I’m going to look at Fire and Fury: Inside the Trump White House by Michael Wolff from a different perspective. (If you want my opinion about the subject of the book, click here.) It has been a long time since a book received such a reaction and widespread discussion. What does this mean for us as writers, and what can we learn that can help us?
The reaction would have been different if the President’s skin was thicker than the paper the pages were printed on. Had President Trump and his administration given it a collective shrug or a calm “this isn’t true and not properly sourced,” no one would be talking about it. The book became important because the President made it important by reacting with, well, fire and fury.
This is an extreme example of something important about writing. We seek connection with our readers. We want to elicit some sort of reaction. It can be joy, fear, sorrow, enlightenment, inspiration, laughter, or even anger. We want our readers to feel something from our work. The more they feel, the more they’ll talk about our work to others, and the more others will want to experience our work for themselves. The passion we put into our writing stirs the passion of our readers.

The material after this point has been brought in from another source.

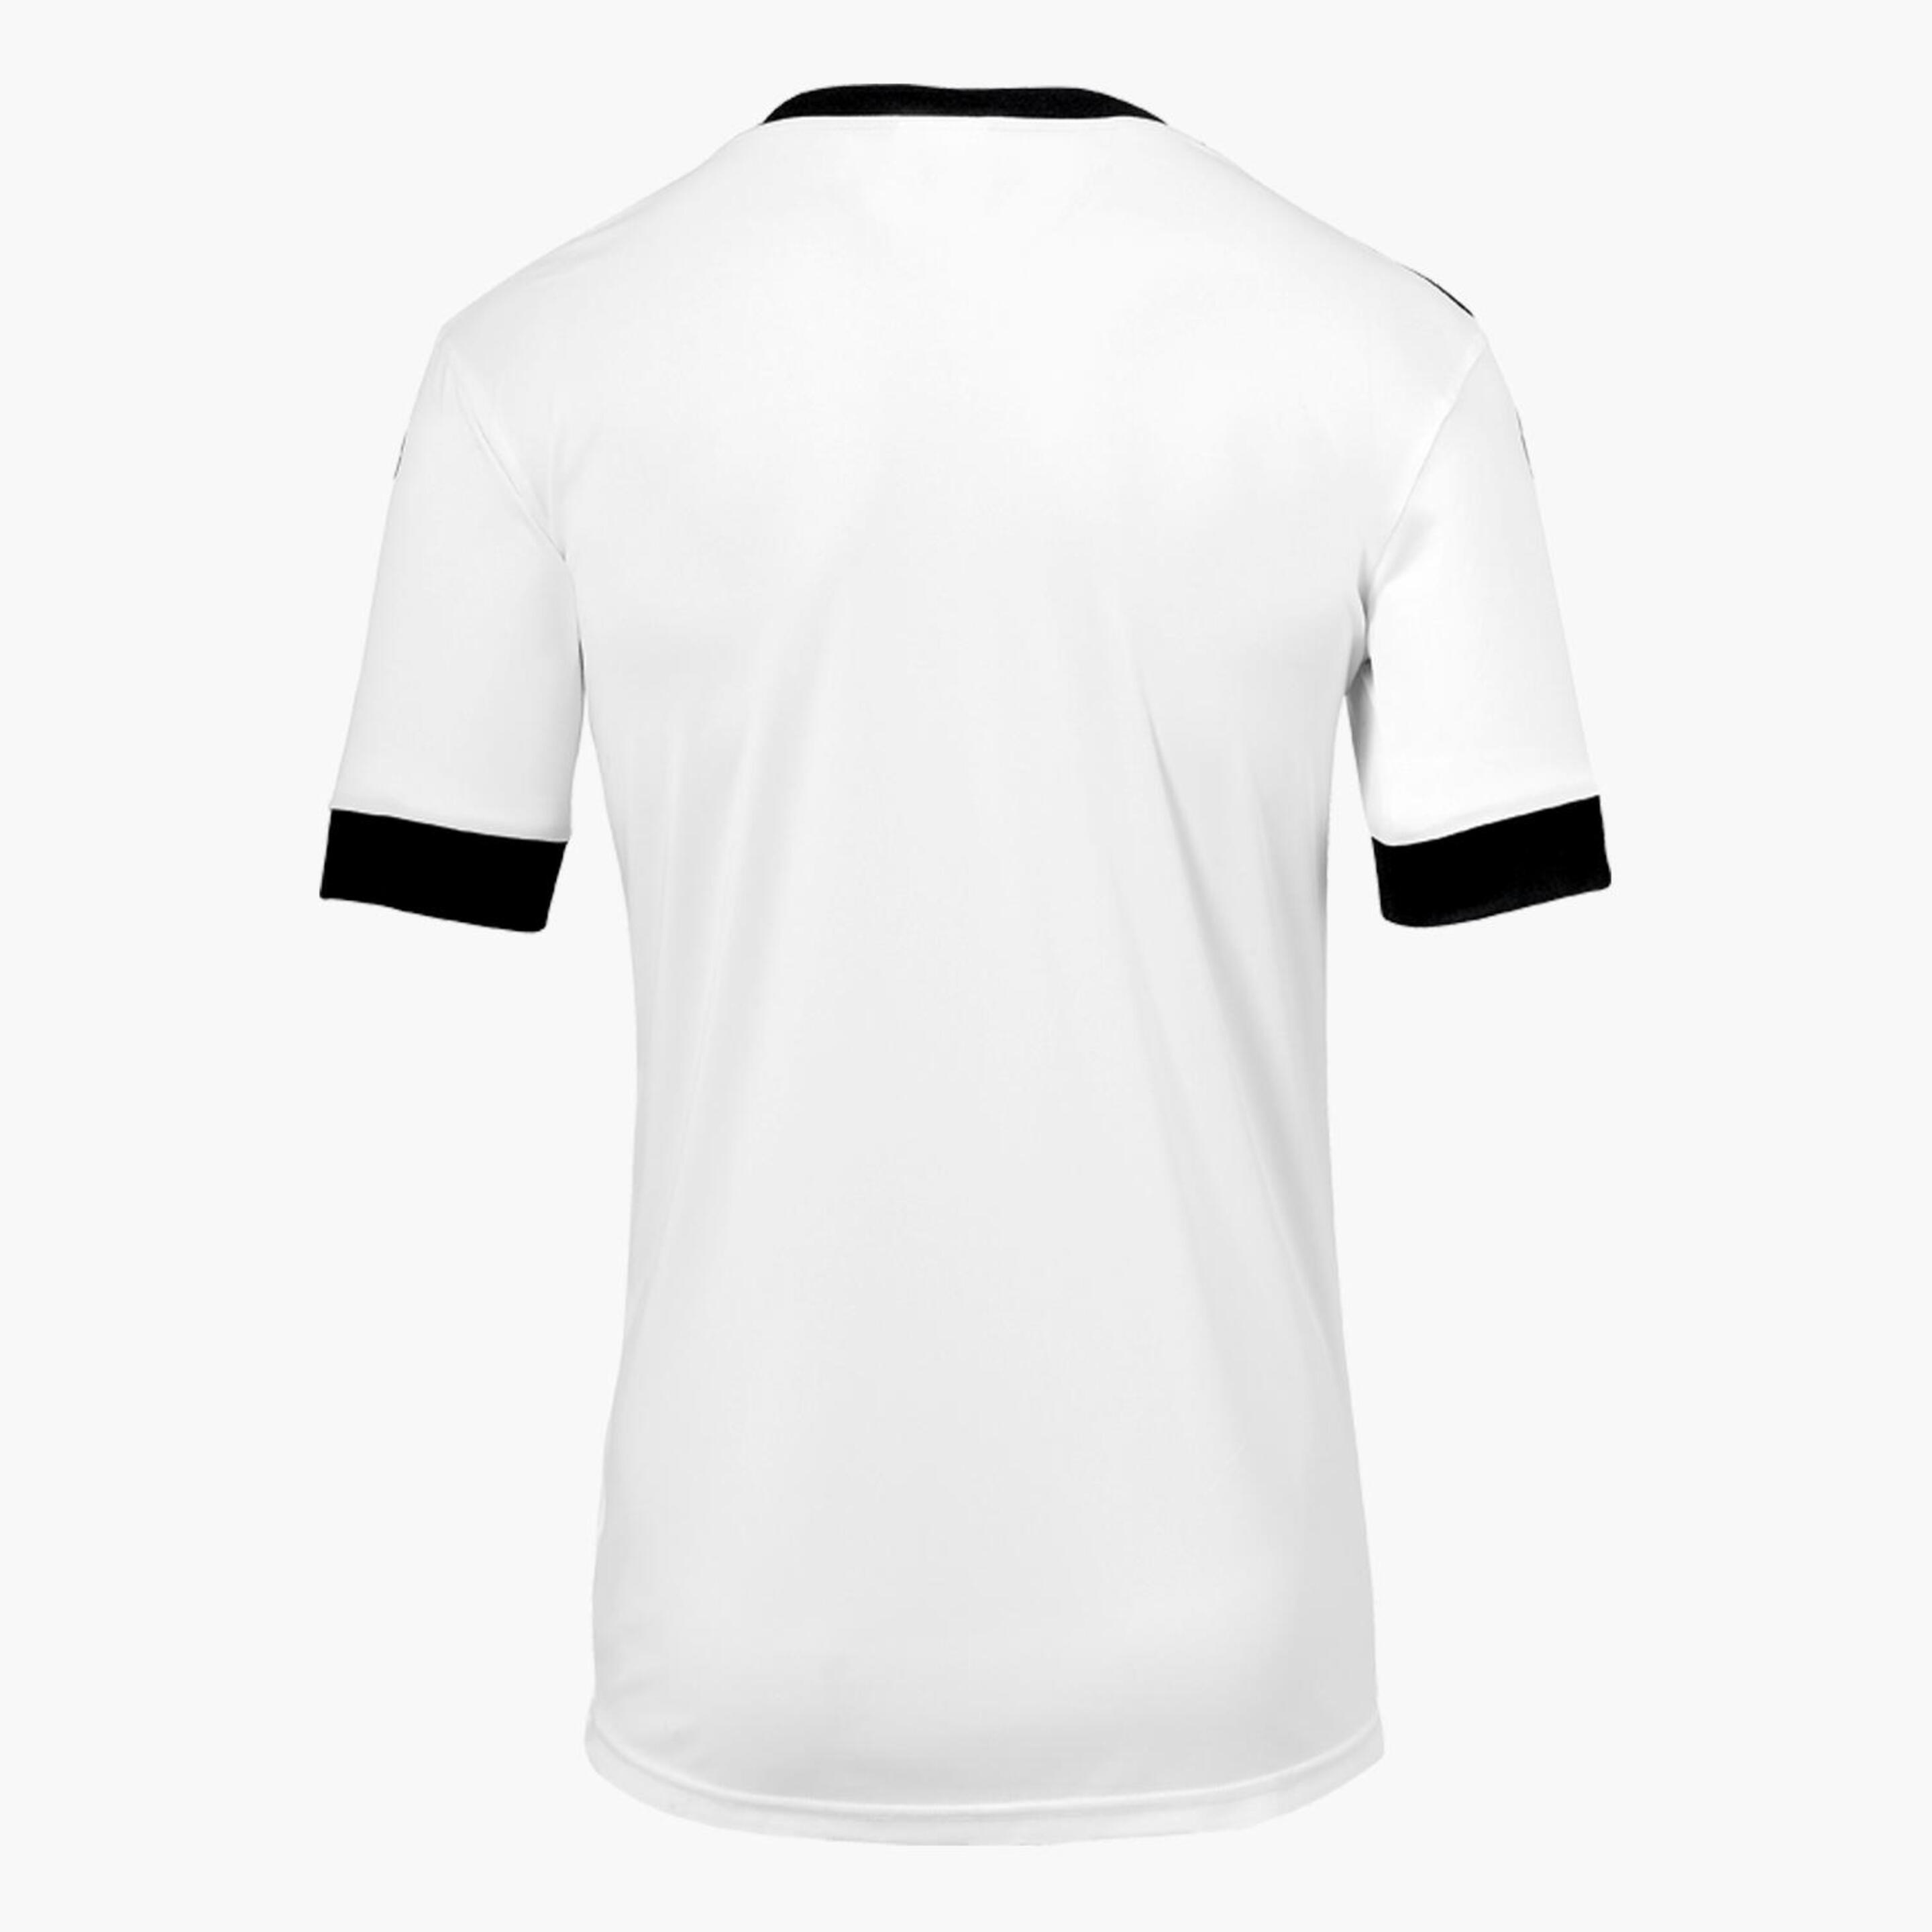 T-shirt Uhlsport Offense 23

We also need passion to overcome another emotion, fear. The rich and powerful have always been difficult to take on. We worry about ruining our reputation, creating some career-ending slip-up, or endangering ourselves financially or physically from something we’ve written. But if we’ve done our homework, have sufficient documentation to back up our claims, have complete faith in our story, and write with integrity and clarity, we can build the passion to speak the truth. Our confidence in our writing will earn us the confidence of our readers.
And having writing that readers can believe in is especially important now.
We are living in uncertain times. We need the arts to help us make sense of them, understand them, and figure out for ourselves how to feel about them. This is why we need to write with honesty and passion. With the superheated emotions swirling around now, it’s easy to get a reaction from people. We need to encourage our intended reactions with the truth.